Sharpe, who was promptly replaced in parliament, denied any wrongdoing but "the evidence is all over the internet," the Dutch newspaper nrc.next reported.
The incident was the latest in a wide range of scandals involving PVV politicians.
Media in Holland reported last week that Eric Lucassen, a former army instructor and PVV legislator, had been convicted of having sex with teenage soldiers under his command.
Lucassen concealed his criminal record during the vetting process for his candidacy. He also held back that he was fined for harassing his neighbours by urinating in one of his neighbours' mailbox. The dispute revolved around the neighbour's dog, which had allegedly defecated on Lucassen's doorstep.
Before the scandal, Lucassen had been the PVV's spokesman on neighbourhood issues.
Wilders apologised to voters and parliament because of the row, but refused to remove Lucassen from parliament.
"He will no longer speak on behalf of the PVV on defence or neighbourhood policy," Wilders said.
Due to the PVV's spectacular growth, the party had not carried out proper research into its candidates, Wilders said. The PVV leader said the disclosure of the incidents had not put the stability of the government at risk.
Five other PVV members of parliament have also come under media scrutiny for alleged dubious behaviour.
In 2006, Dion Graus allegedly tried to smother his highly pregnant wife after he had allegedly physically assaulted her. The charges were dropped due to lack of evidence.
Hero Brinkman, one of the party's most outspoken politicians, came under media scrutiny after head-butting a waiter during a bar brawl.

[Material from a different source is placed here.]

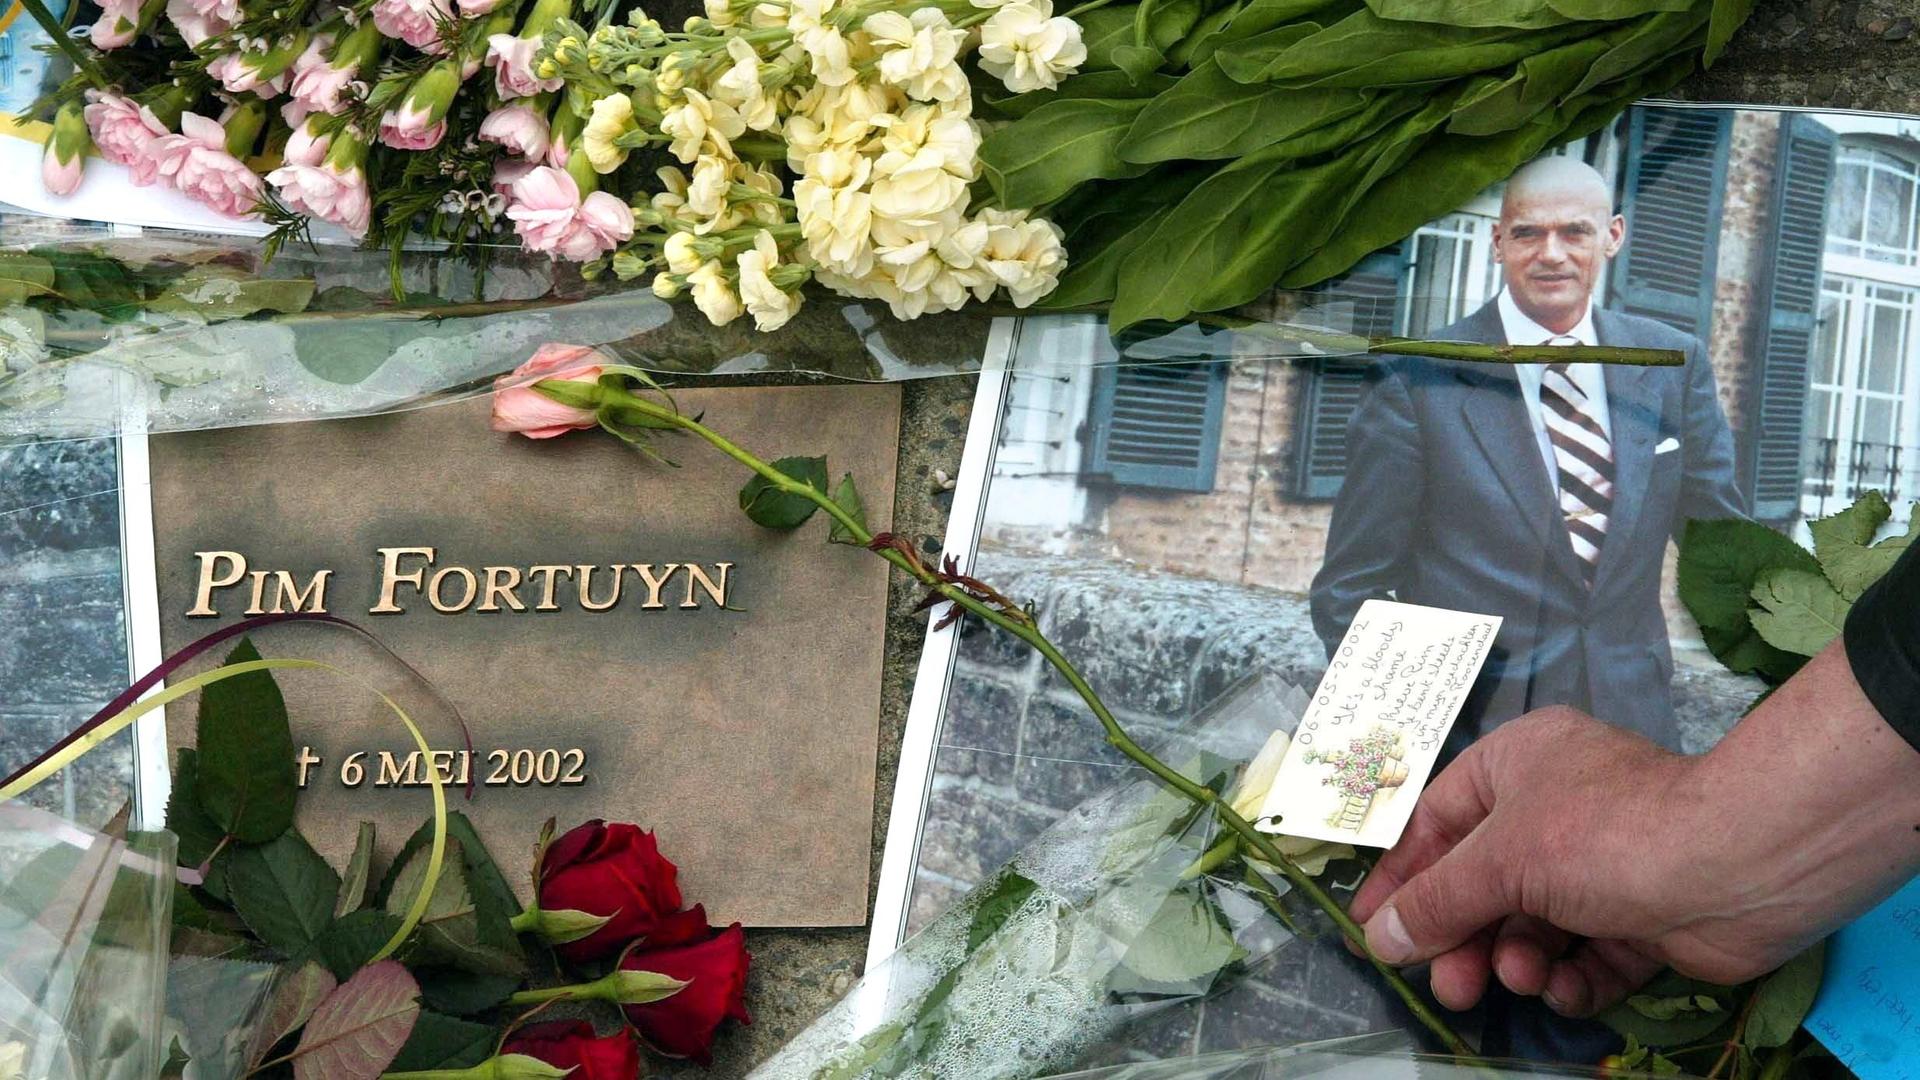 Ein Anhänger des ermordeten niederländischen Rechtspopulisten Pim Fortuyn legt am 6.5.2003 bei einer Gedenkfeier in Hilversum eine Blume nieder.
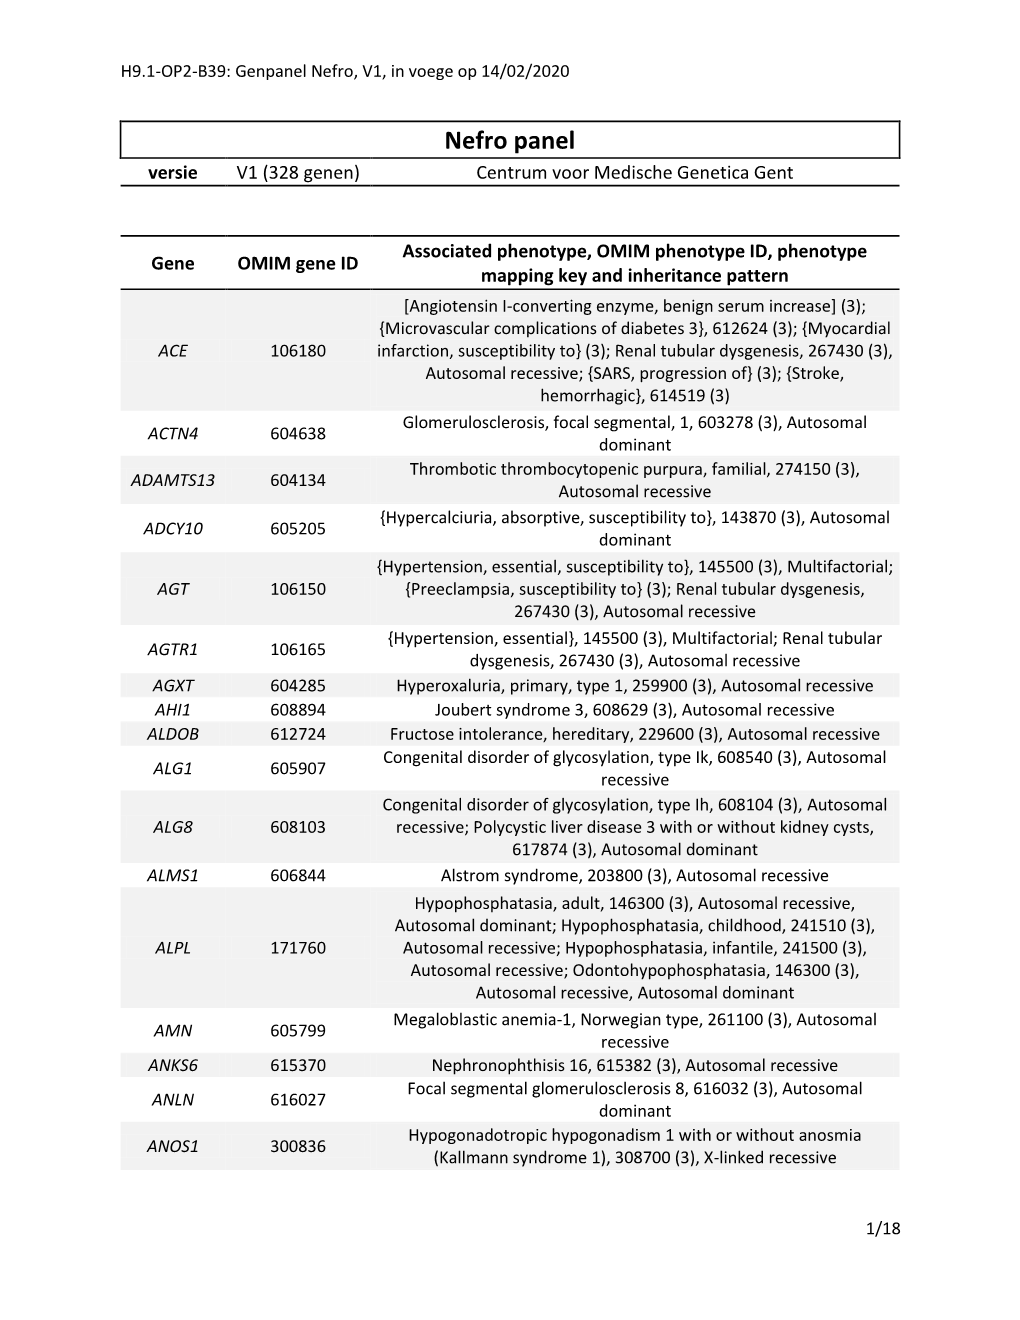 Nefro Panel Versie V1 (328 Genen) Centrum Voor Medische Genetica Gent

In an unrelated incident earlier this year, Marcial Hernandez spent a night in jail after being arrested for his part in another bar fight. That case is still being investigated.
Jhim van Bemmel has been accused of bankruptcy fraud.
Richard de Mos lied on his CV, claiming to have been "head of a school" in a rough neighbourhood of The Hague, while he was in fact a teacher at a primary school. Asked about the allegations, De Mos said he had done a two-year course to become a school director and had all the necessary certificates.
Wilders himself is expected back in court early next year to face charges of inciting racial hatred.
In 2007, he branded the Quran as "fascist" and later released Fitna, an anti-Islam film that drew complaints from civil society groups. Wilders says the charges against him are politically motivated. The minority cabinet of the Christian Democrats (CDA) and Liberals (VVD) relies on the support of Wilders' anti-Islam party to maintain a flimsy one-seat majority in parliament.
NRC Handelsblad, a daily newspaper, reported that the Christian Democrats are concerned about the reputation of a cabinet that has to depend on PVV legislators.
Opposition parties have called on Mark Rutte, the prime minister, to explain how the PVV's record affects the stability of the government.